Jimmy Stiff

Personal information
- Full name: James Claude Stiff
- Born: 7 June 1911 Sydney, New South Wales, Australia
- Died: 21 December 1937 (aged 26) Sydney, New South Wales, Australia

Playing information
- Height: 160 cm (5 ft 3 in)
- Position: Fullback
Club
| Years | Team | Pld | T | G | FG | P |
| 1935–37 | South Sydney | 18 | 1 | 2 | 0 | 7 |
- Source:

= Jimmy Stiff =

Australian rugby league footballer

James Claude Stiff (7 June 1911 – 21 December 1937) was an Australian rugby league footballer. He was also notable as an Australian rules footballer and is a member of the NSW Australian Football Hall of Fame.

==Biography==
Stiff was born in Sydney and educated at Gardeners Road Public School.

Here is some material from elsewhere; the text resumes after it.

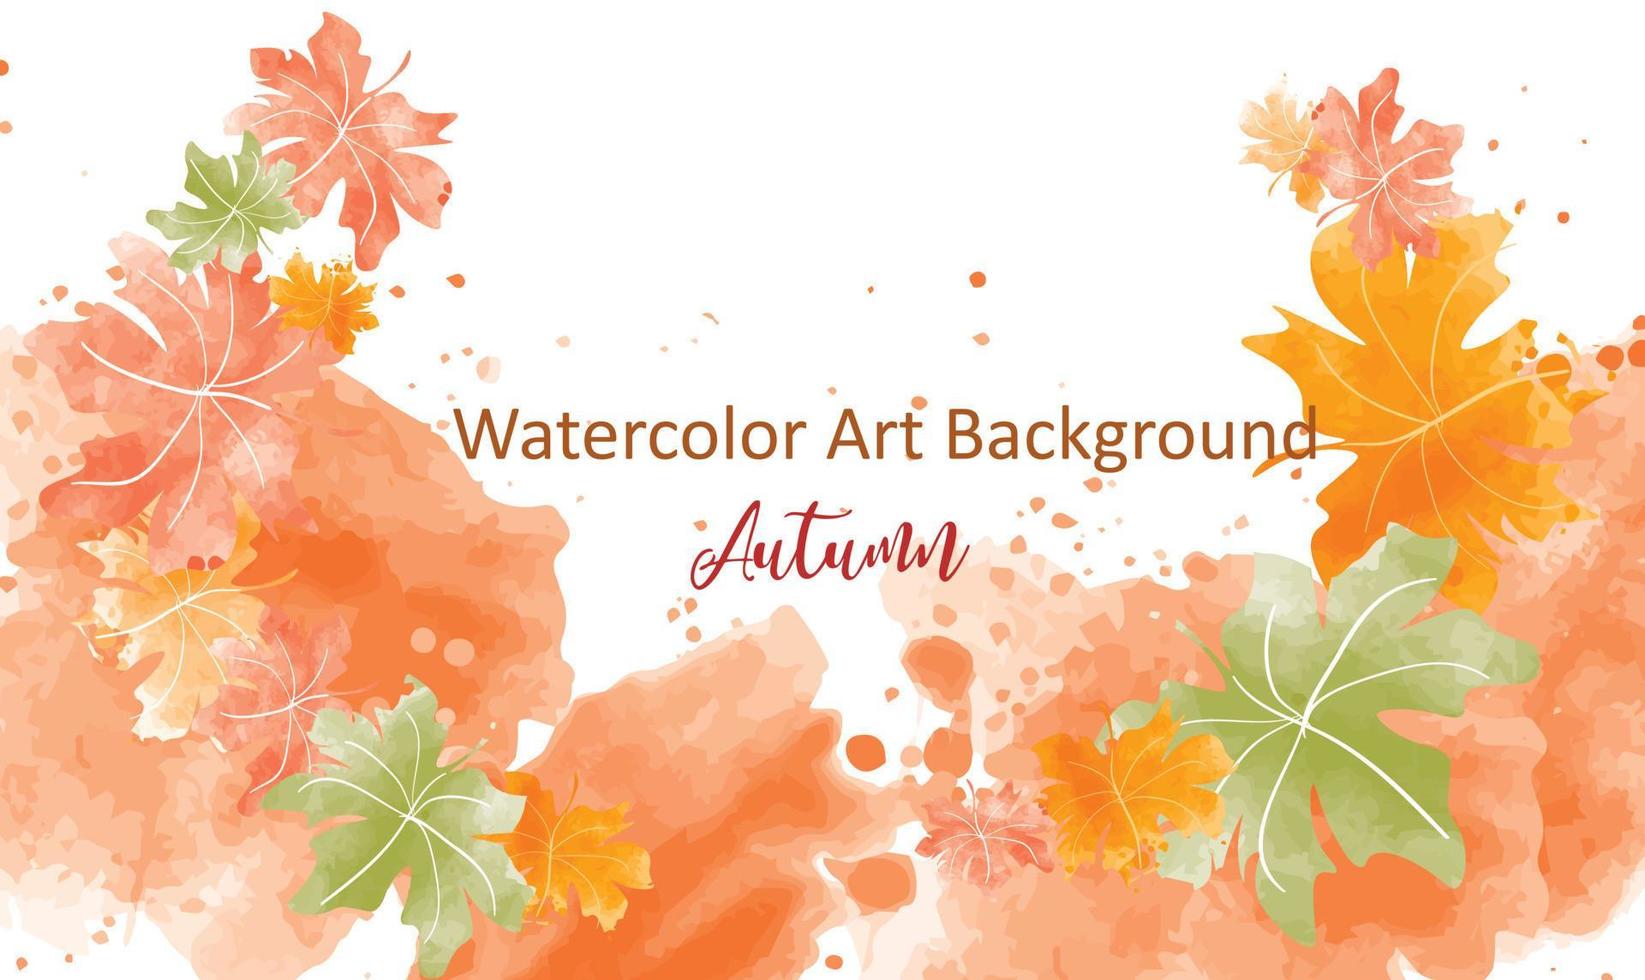 Watercolor abstract background autumn collection with maple and seasonal leaves. Hand-painted watercolor natural art, perfect for your designed header, banner, web, wall, cards, etc. vector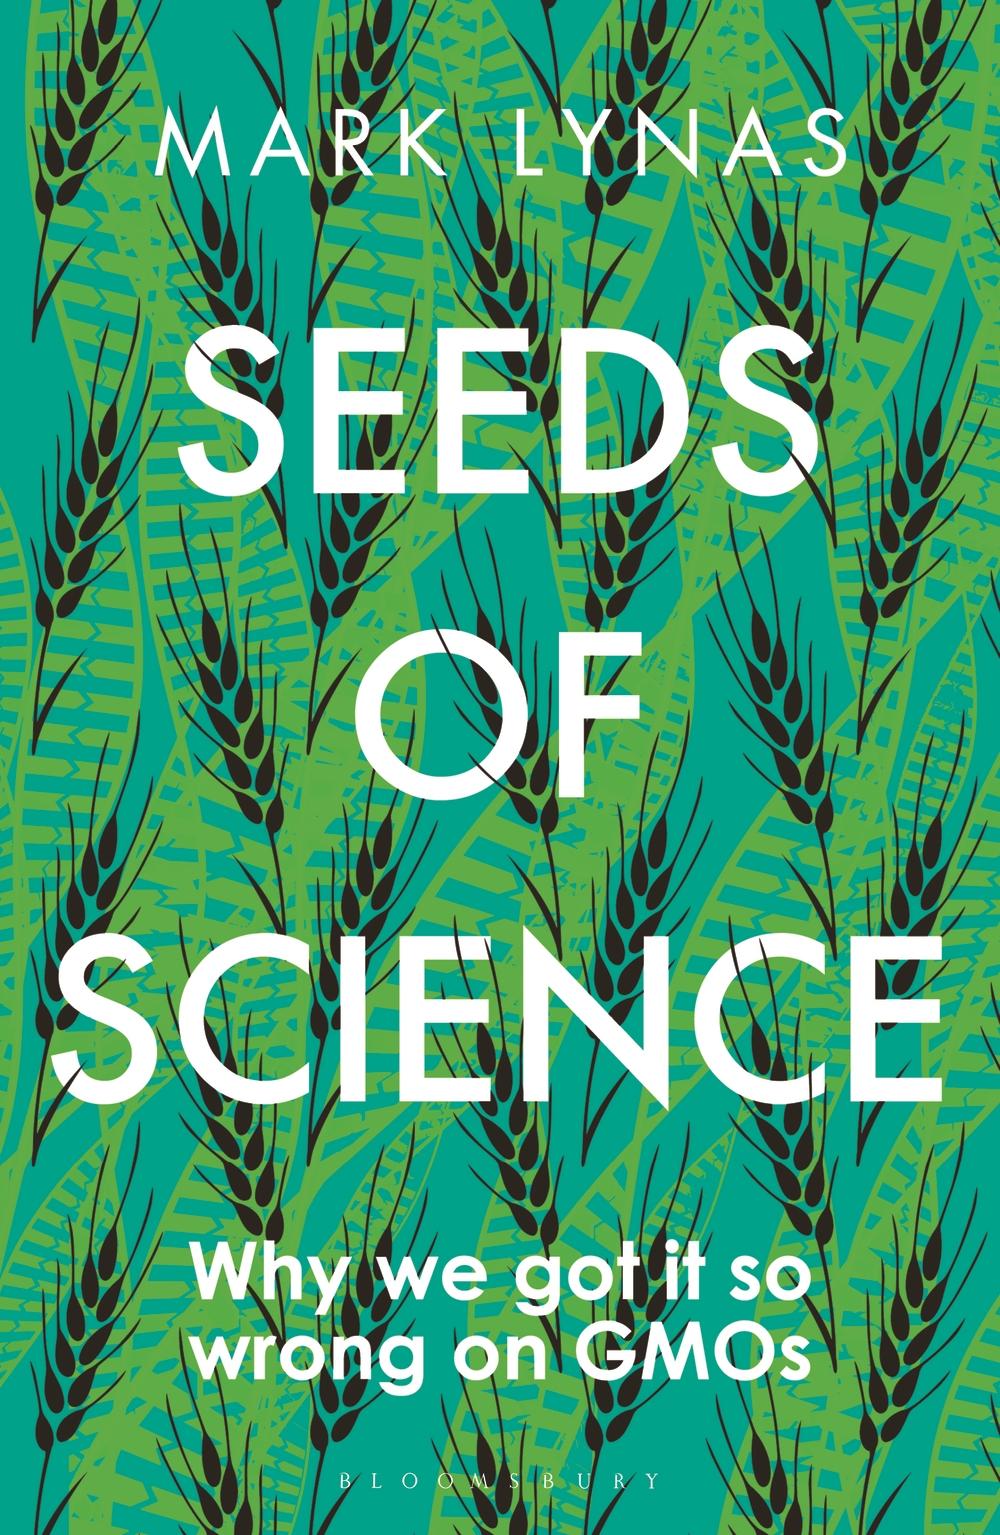 Seeds of Science - Mark Lynas

An all round sportsman, Stiff was a New South Wales Schoolboys representative in cricket and during his immediate post school years was committed to Australian rules football, playing as a rover for South Sydney. His highlight as an Australian rules footballer came representing New South Wales at the 1933 Sydney Carnival, where he claimed the Conder Cup as the tournament's best and fairest player. He switched to rugby league in 1935 to play for the Rabbitohs and was primarily utilised at fullback in his three first grade seasons.

Stiff died at a hospital in 1937 of injuries sustained when he crashed his motorcycle into a car on Botany Road.